Vous allez maintenant lire une interview parue dans notre numéro de septembre 2024, alors que le bâtiment n’était pas encore terminé. Nous voulons maintenant vous montrer le résultat final.

Un bâtiment administratif vide de 1974, très bien situé au bord du lac de Zurich, n’a pas été démoli, mais transformé en un immeuble de bureaux moderne et durable. Il répond à la norme suisse Minergie-A. Sa nouvelle façade offre à la fois plus de lumière à l’intérieur, une production d’énergie grâce à des panneaux photovoltaïques et de l’ombre pour les postes de travail. Un atrium nouvellement inséré relie les bureaux et les unités de location en un ensemble communicatif.

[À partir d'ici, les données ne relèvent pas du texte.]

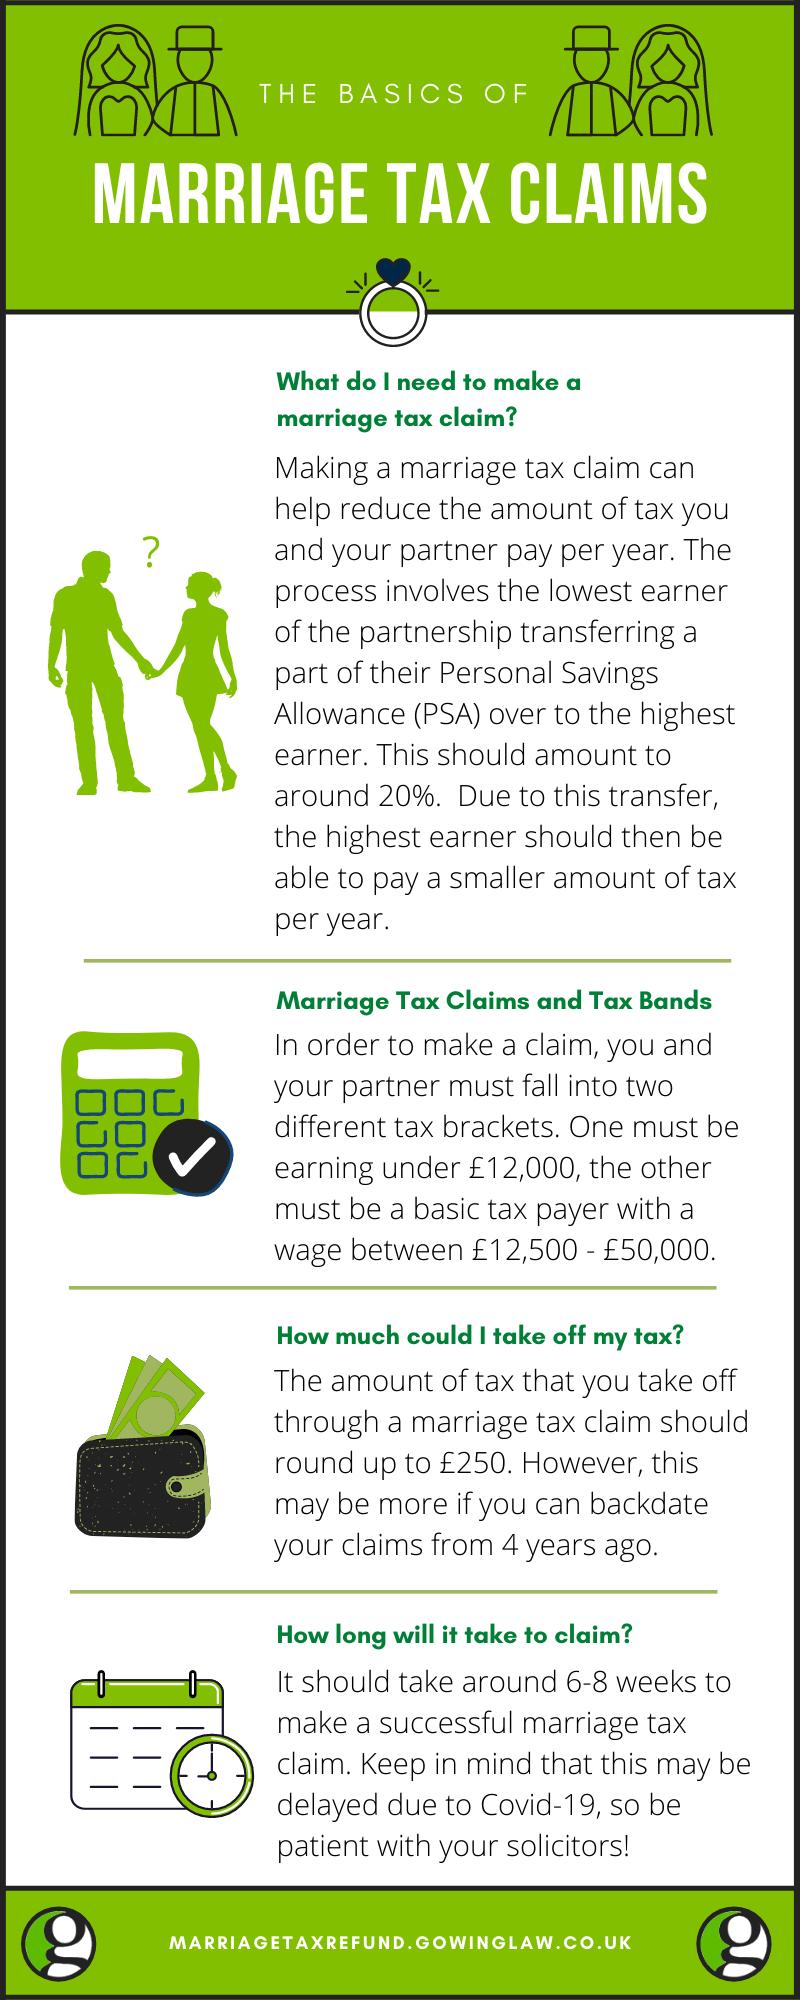 marriage tax claim basics infographic

Baumeister : Madame Adelhoefer, pourquoi la démolition n’était-elle pas envisageable pour le maître d’ouvrage ?

Natalie Adelhoefer : Une démolition et une nouvelle construction sur le terrain auraient certes été réalisables, mais une nouvelle construction n’aurait pas été possible avec le volume actuel et la hauteur totale de l’existant. En d’autres termes, le maître d’ouvrage aurait été autorisé à construire dans le nouveau bâtiment une surface utile nettement inférieure à celle qui aurait pu être conservée avec la rénovation.

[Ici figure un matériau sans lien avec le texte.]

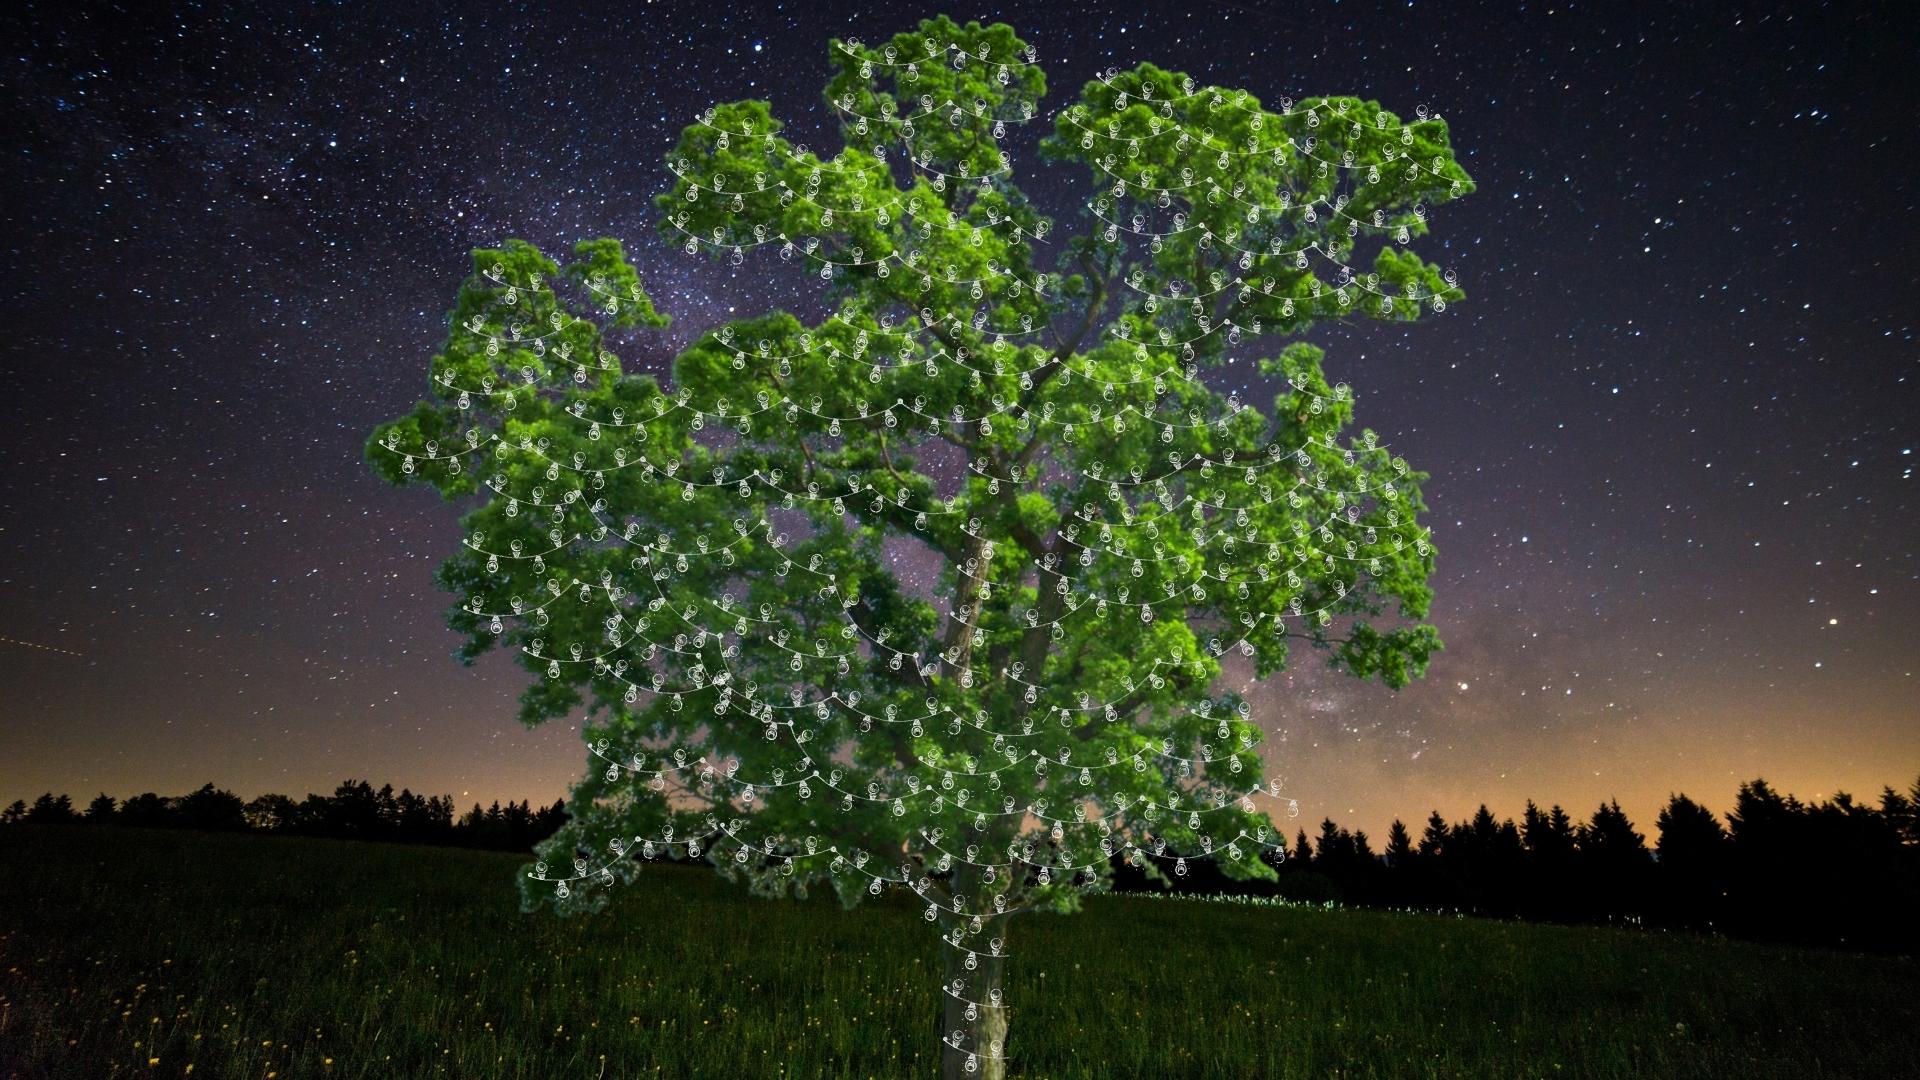 Tree with lights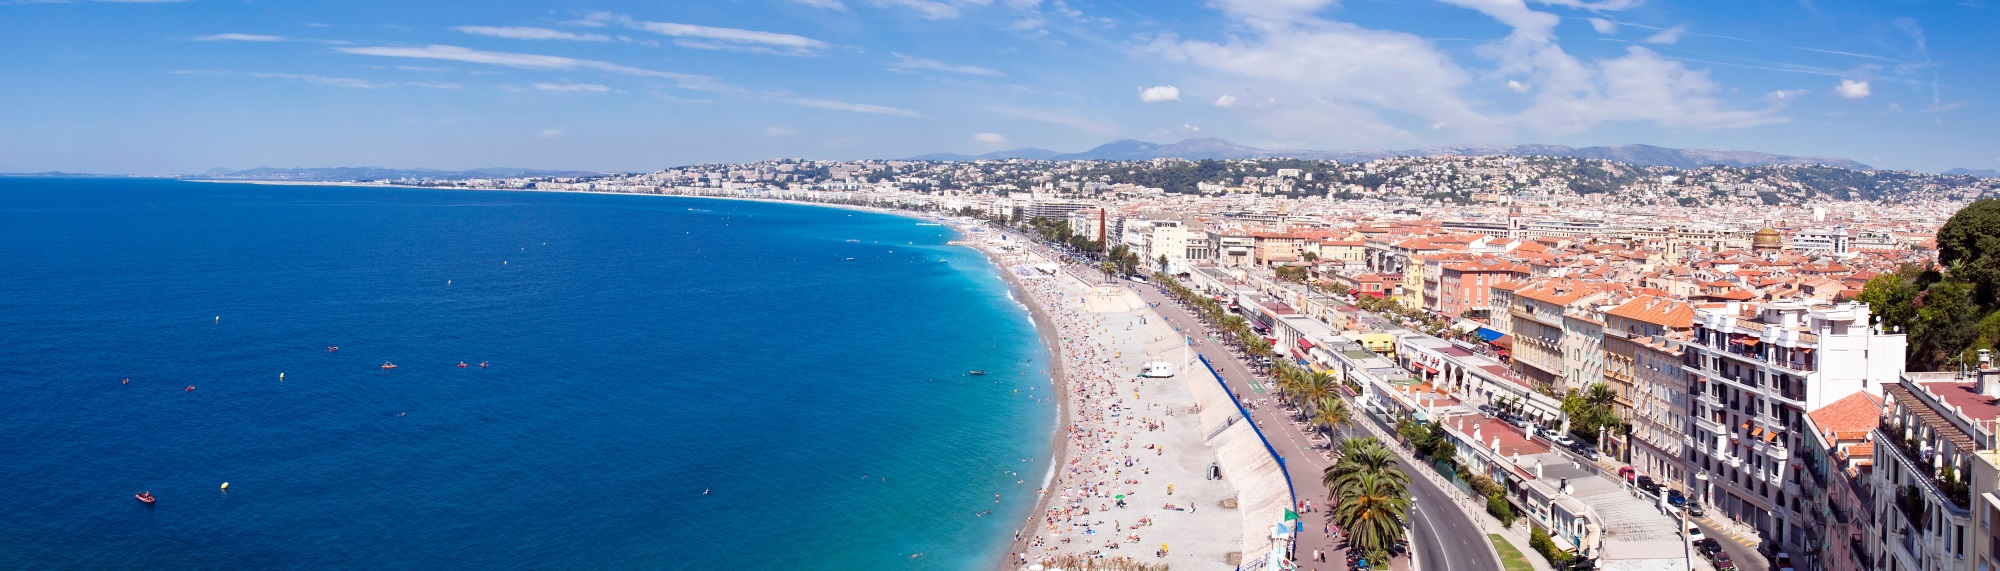 Nizza Stadtteile Panorama

B : Votre bureau s’occupe-t-il beaucoup de conservation du patrimoine ?

N A : Notre bureau a un large portefeuille et nous travaillons avec toutes les typologies et tous les programmes. Au cours de nos cent ans d’existence, nous avons également à notre actif quelques réhabilitations de bâtiments existants. La construction dans l’existant, et surtout les projets de transformation, sont un sujet très important, notamment en ce qui concerne la préservation des ressources, la réduction des émissions de CO2 et la réalisation des objectifs climatiques. Et il deviendra de plus en plus important à l’avenir. En d’autres termes, nous souhaitons travailler à l’avenir avec davantage de rénovations et de transformations de bâtiments existants.

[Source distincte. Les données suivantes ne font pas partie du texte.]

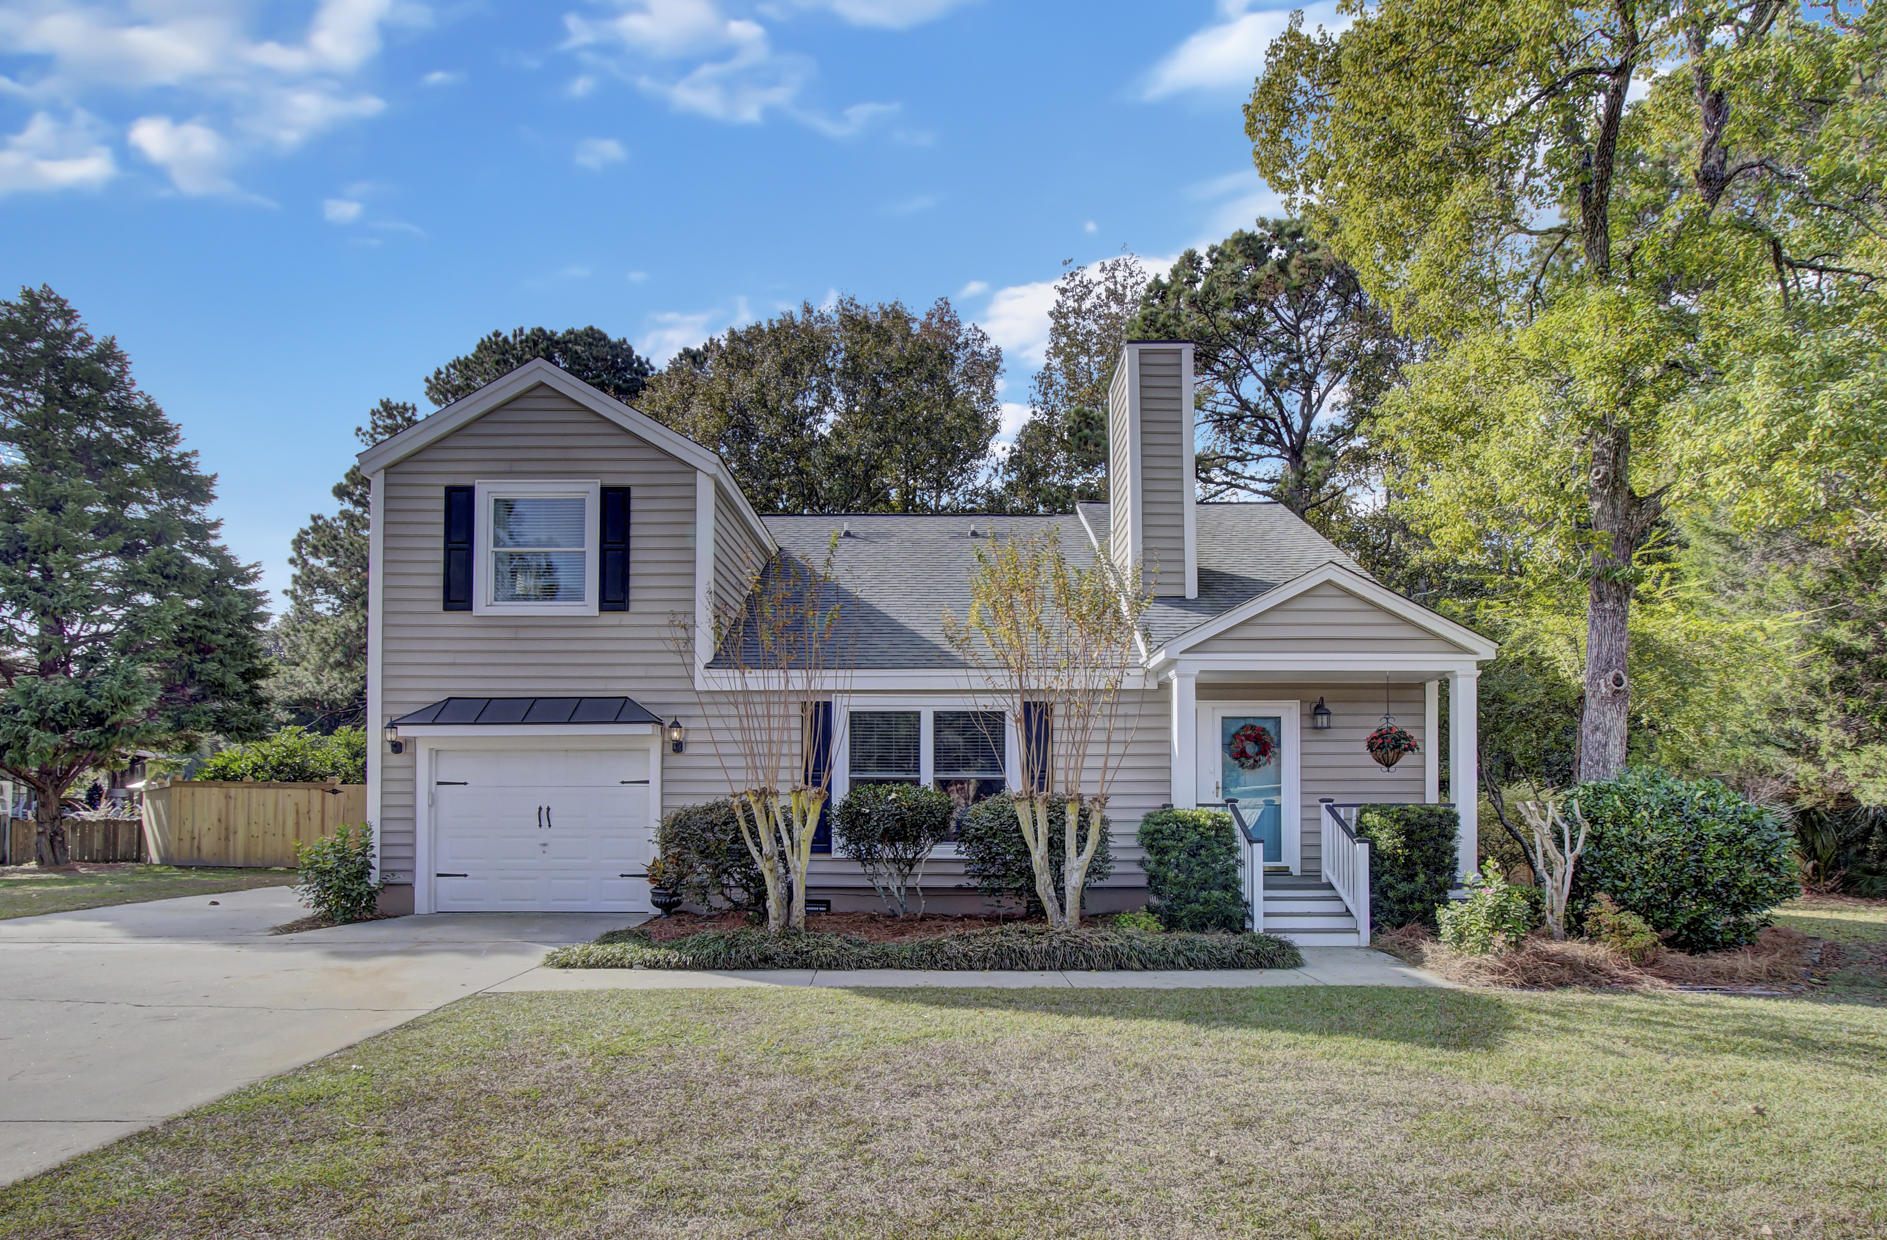 Snee Farm Homes For Sale - 978 Law, Mount Pleasant, SC - 0

La durabilité est un paramètre naturel dans toutes les phases de planification de notre bureau. C.F. Møller Architects s’est fixé pour objectif de considérer la durabilité de tous les nouveaux projets comme une partie intégrante du travail du bureau, afin d’inciter chaque client à intégrer des composants durables dans leurs projets de construction. Au début d’un projet, un “screening” simple et compréhensible est effectué sur la base des ambitions et des objectifs du client, puis comparé avec les connaissances et l’expérience du bureau afin de formuler un objectif commun.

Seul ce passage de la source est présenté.